From the sample doc and query below I seem to be getting different scores when I change the In_order attribute. My question is why does the PhraseFreq change from 0.16666667 when In_order is set to false to 0.25 when set to true.
From what I have gathered the PhraseFreq is calculated by 1/(dist+1).

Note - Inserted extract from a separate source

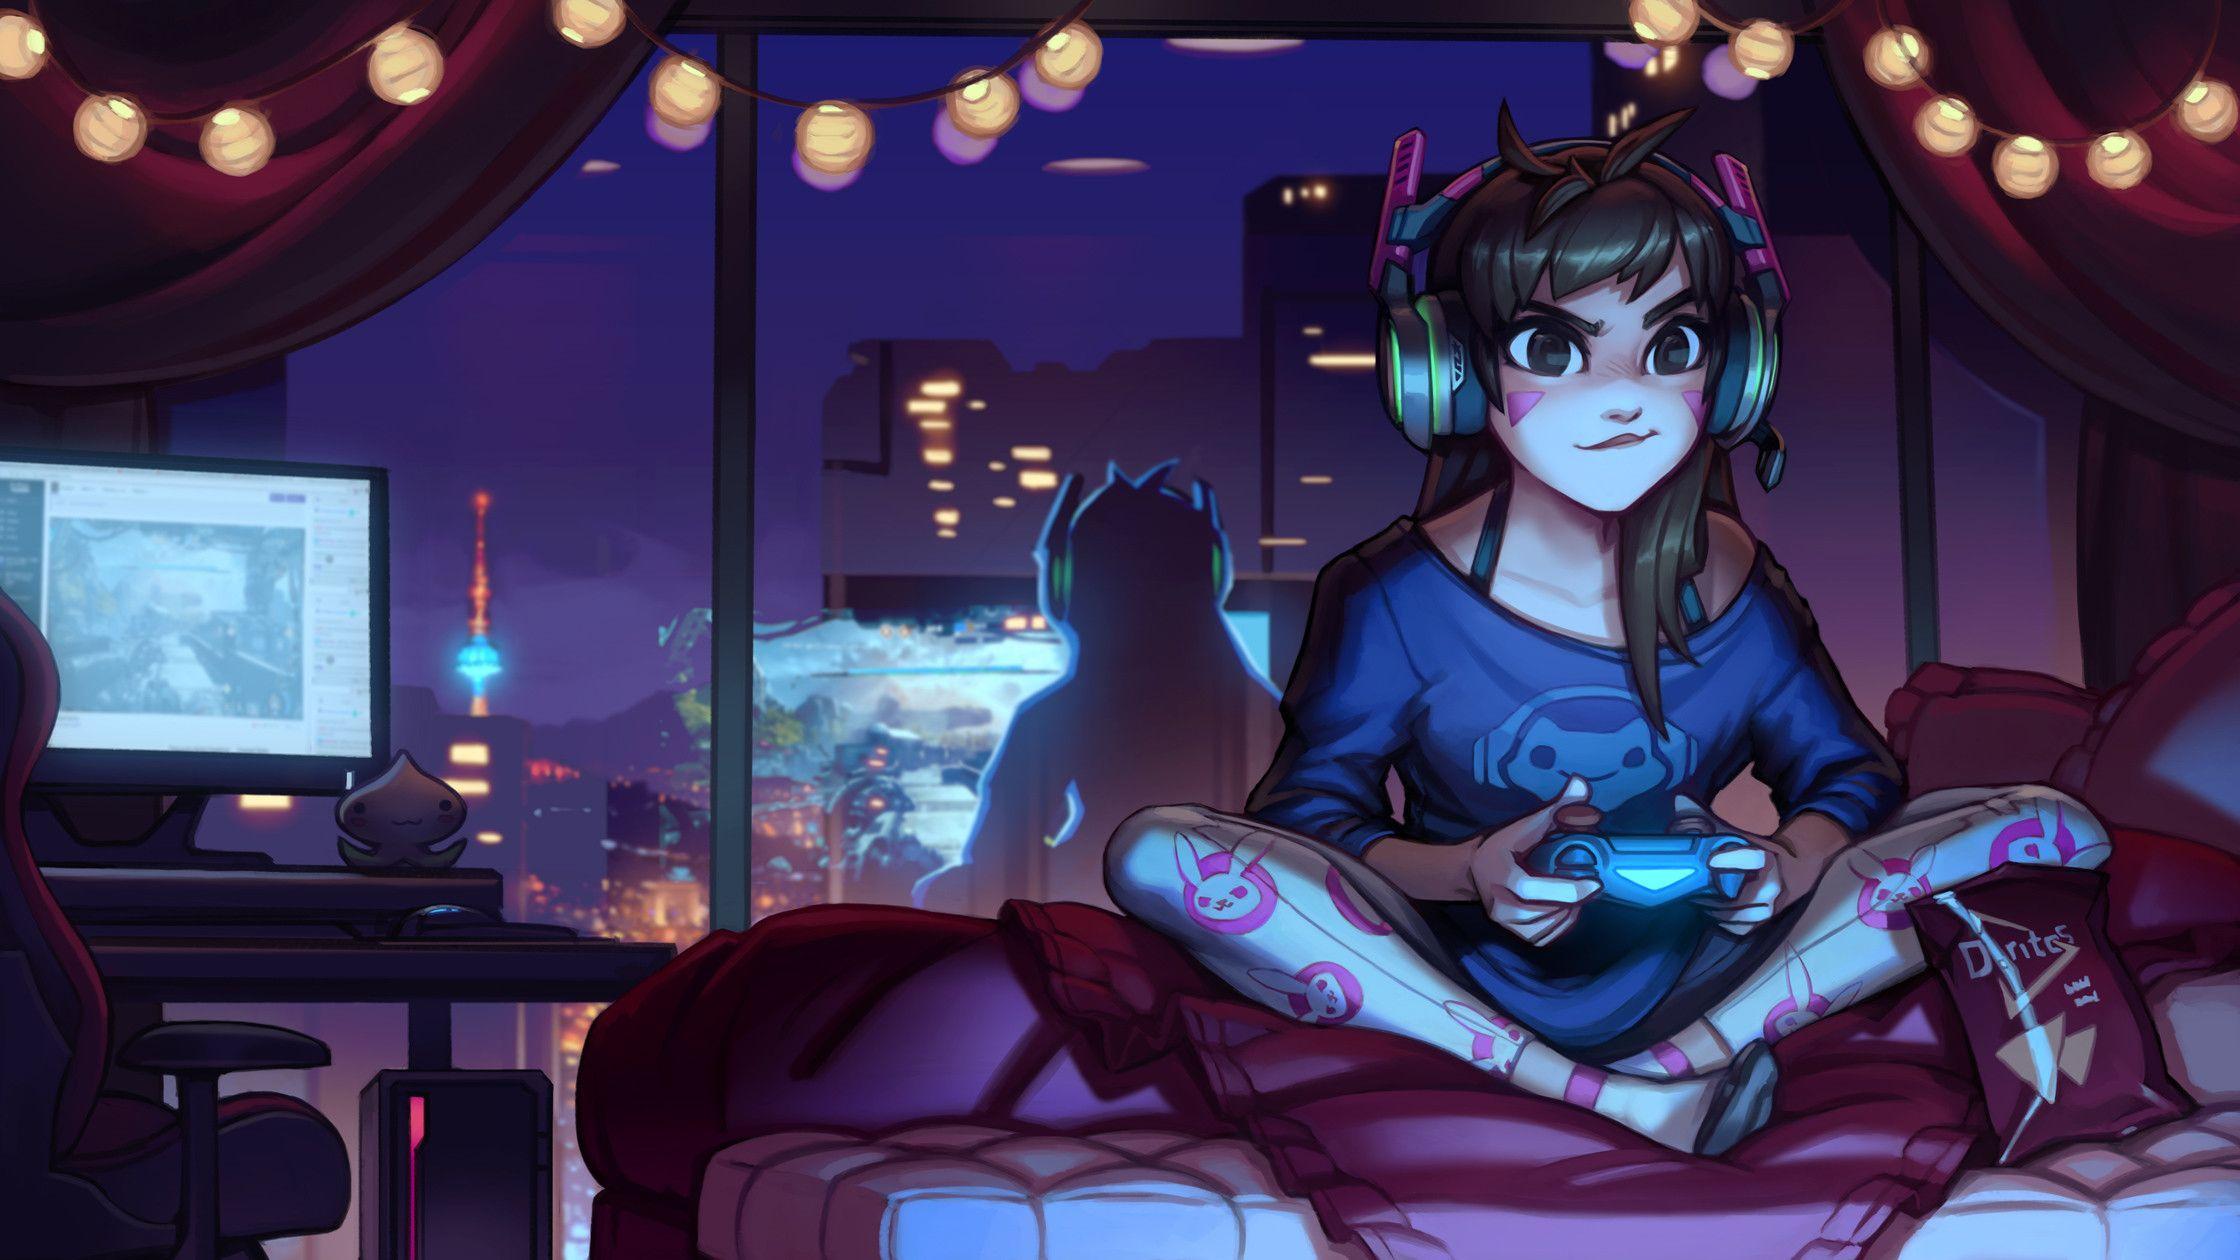 Gaming Anime Girl Wallpapers - Top Free Gaming Anime Girl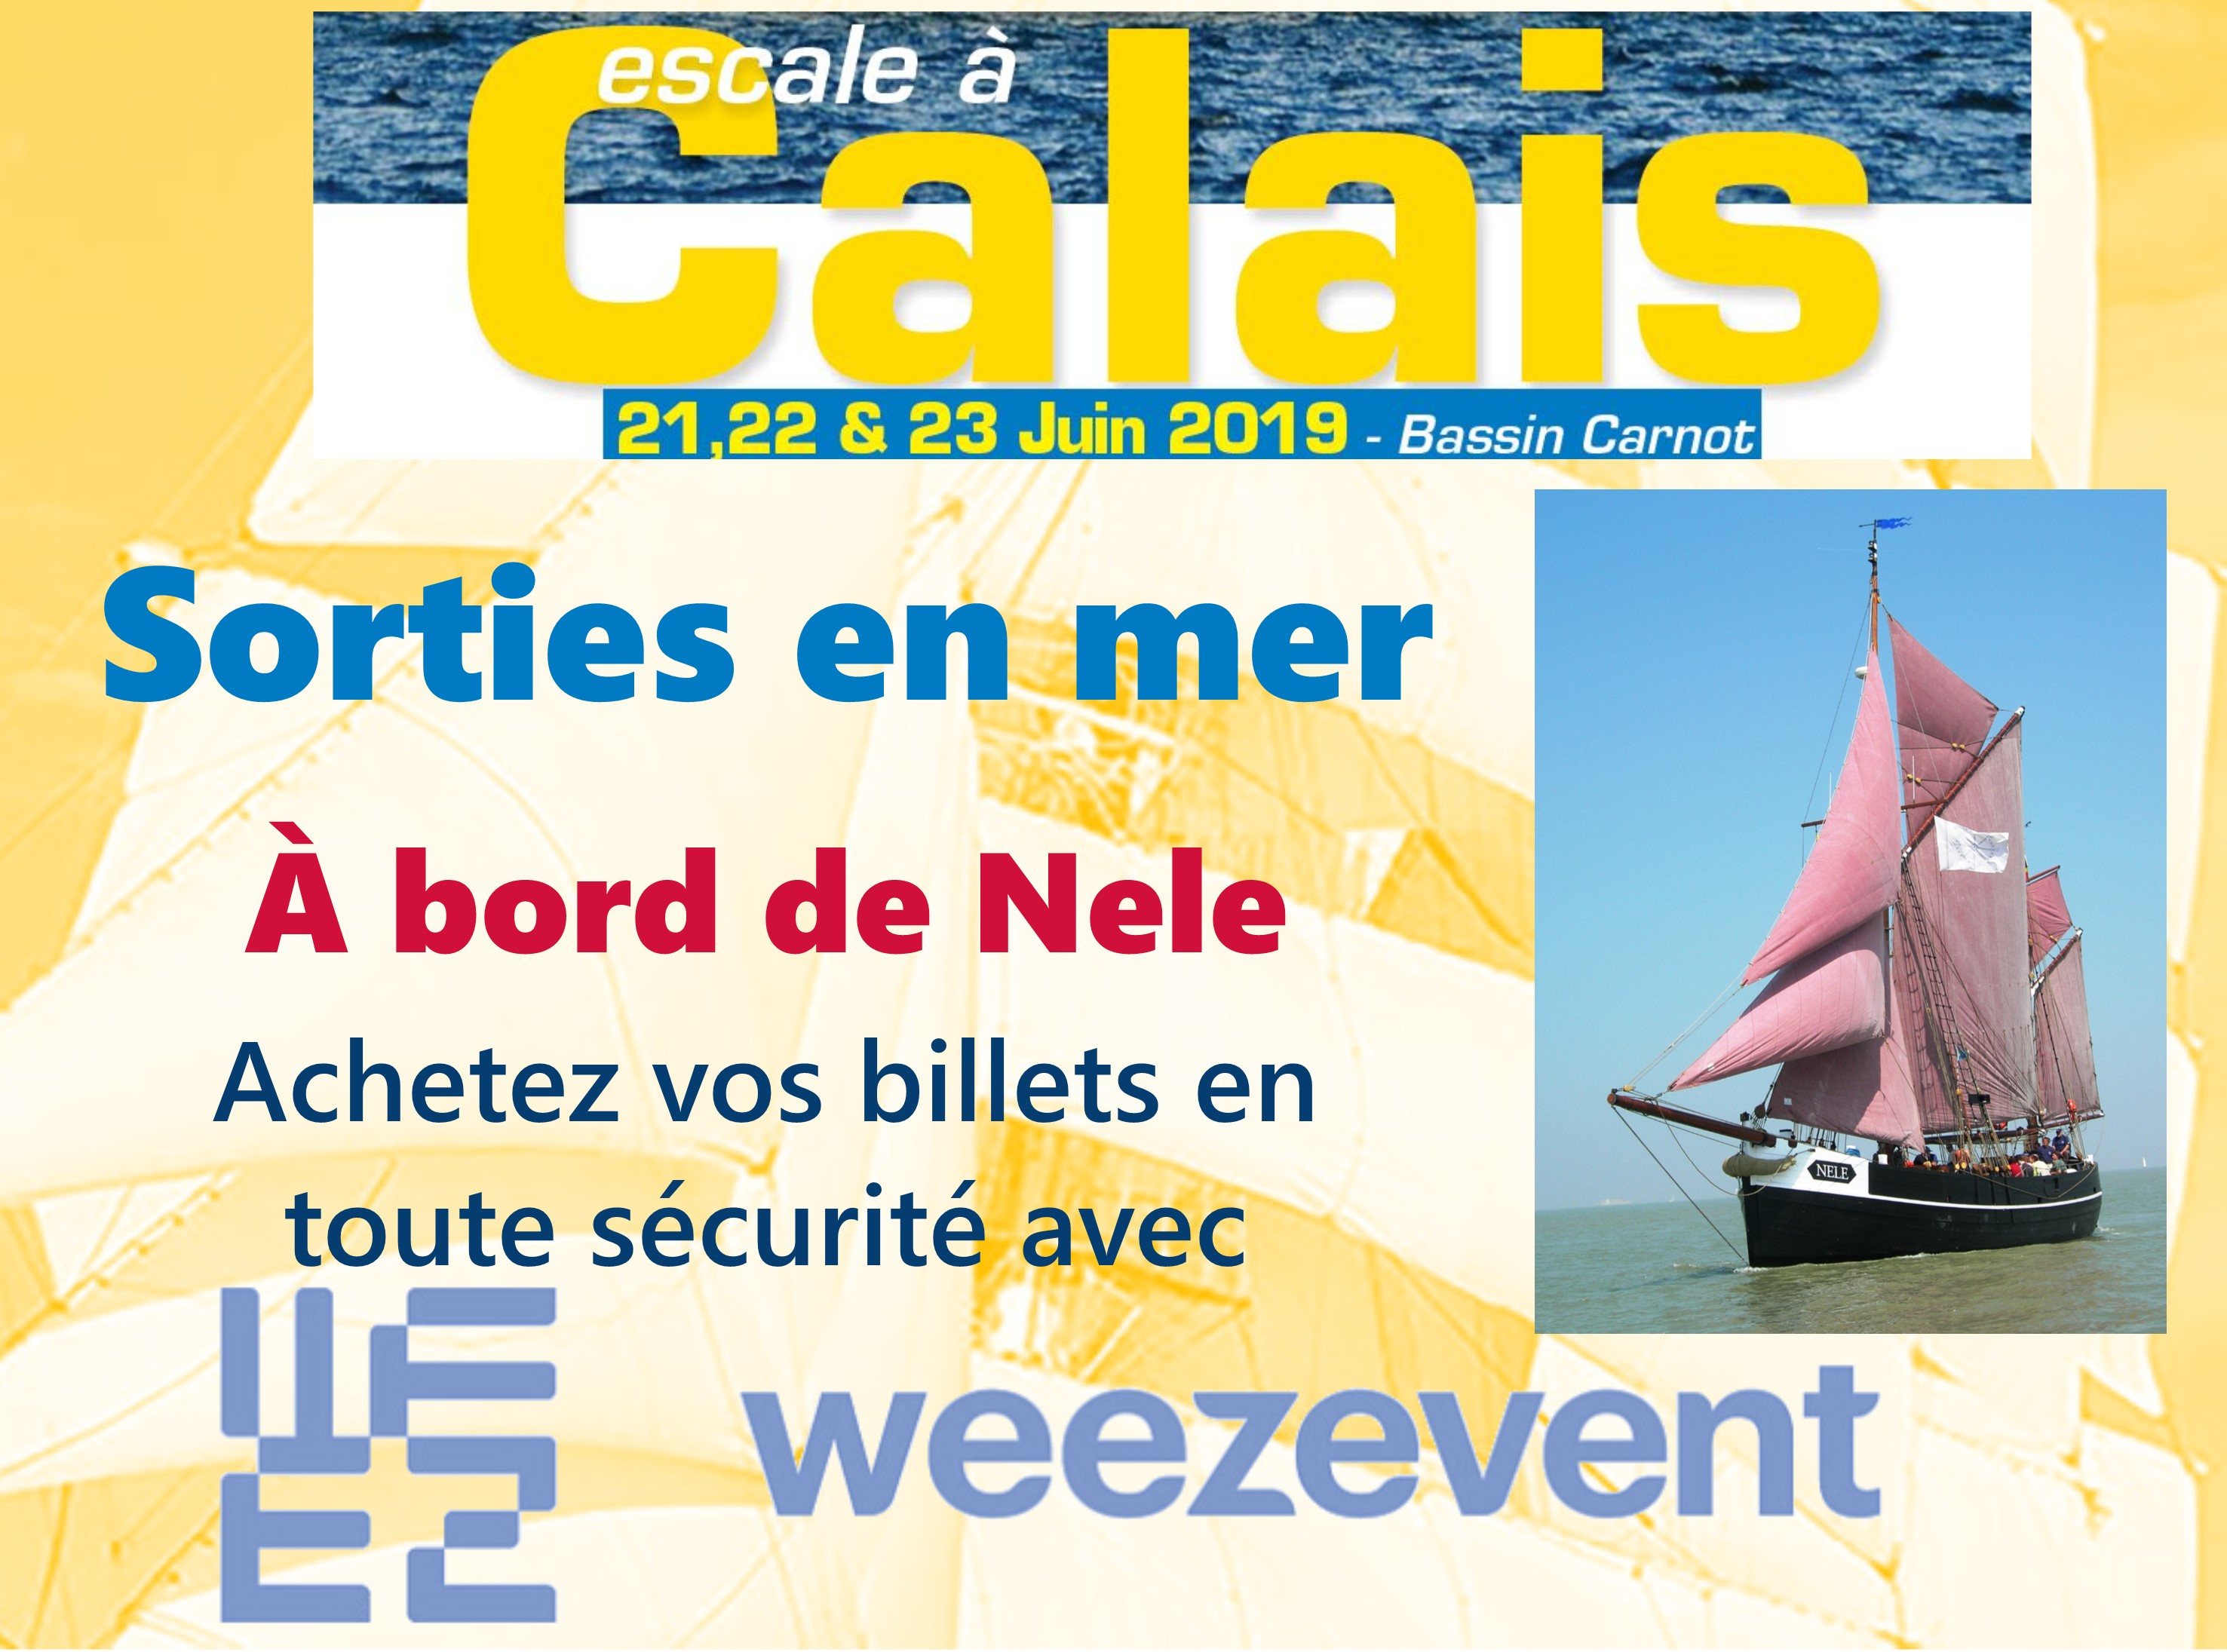 Achat sorties en mer Escale à Calais 2019

In both queries the dist would be 3 hence a PhraseFreq of 1/4 = 0.25. This explains the PhraseFreq when In_order is set to true but not when it is set to false.
Example doc:
PUT testindex/type/1
{
"text":"a b c d e f g h i"
}
Query With In_order attribute set to false:
GET testindex/type/_search
{
"explain": true,
"query": {
"span_near" : {
"clauses" : [
{ "span_term" : { "text" : "a" } },
{ "span_term" : { "text" : "c" } },
{ "span_term" : { "text" : "f" } }
],
"slop" : 100,
"in_order" : false,
"collect_payloads" : false
}}
}
RESULT:
{
"took": 1,
"timed_out": false,
"_shards": {
"total": 5,
"successful": 5,
"failed": 0
},
"hits": {
"total": 1,
"max_score": 0.11744264,
"hits": [
{
"_shard": 3,
"_node": "qGVR96XTSdORS8pnRjHr2g",
"_index": "test",
"_type": "type",
"_id": "1",
"_score": 0.11744264,
"_source": {
"text": "a b c d e f g h i"
},
"_explanation": {
"value": 0.11744264,
"description": "sum of:",
"details": [
{
"value": 0.11744264,
"description": "weight(spanNear([text:a, text:c, text:f], 100, false) in 0) [PerFieldSimilarity], result of:",
"details": [
{
"value": 0.11744264,
"description": "fieldWeight in 0, product of:",
"details": [
{
"value": 0.4082483,
"description": "tf(freq=0.16666667), with freq of:",
"details": [
{
"value": 0.16666667,
"description": "phraseFreq=0.16666667",
"details": []
}
]
}
...
Query with In_order attribute set to true:
GET testindex/type/_search
{
"explain": true,
"query": {
"span_near" : {
"clauses" : [
{ "span_term" : { "text" : "a" } },
{ "span_term" : { "text" : "c" } },
{ "span_term" : { "text" : "f" } }
],
"slop" : 100,
"in_order" : true,
"collect_payloads" : false
}}
}
RESULT:
{
"took": 2,
"timed_out": false,
"_shards": {
"total": 5,
"successful": 5,
"failed": 0
},
"hits": {
"total": 1,
"max_score": 0.14383726,
"hits": [
{
"_shard": 3,
"_node": "qGVR96XTSdORS8pnRjHr2g",
"_index": "test",
"_type": "type",
"_id": "1",
"_score": 0.14383726,
"_source": {
"text": "a b c d e f g h i"
},
"_explanation": {
"value": 0.14383726,
"description": "sum of:",
"details": [
{
"value": 0.14383726,
"description": "weight(spanNear([text:a, text:c, text:f], 100, true) in 0) [PerFieldSimilarity], result of:",
"details": [
{
"value": 0.14383726,
"description": "fieldWeight in 0, product of:",
"details": [
{
"value": 0.5,
"description": "tf(freq=0.25), with freq of:",
"details": [
{
"value": 0.25,
"description": "phraseFreq=0.25",
"details": []
}
]
...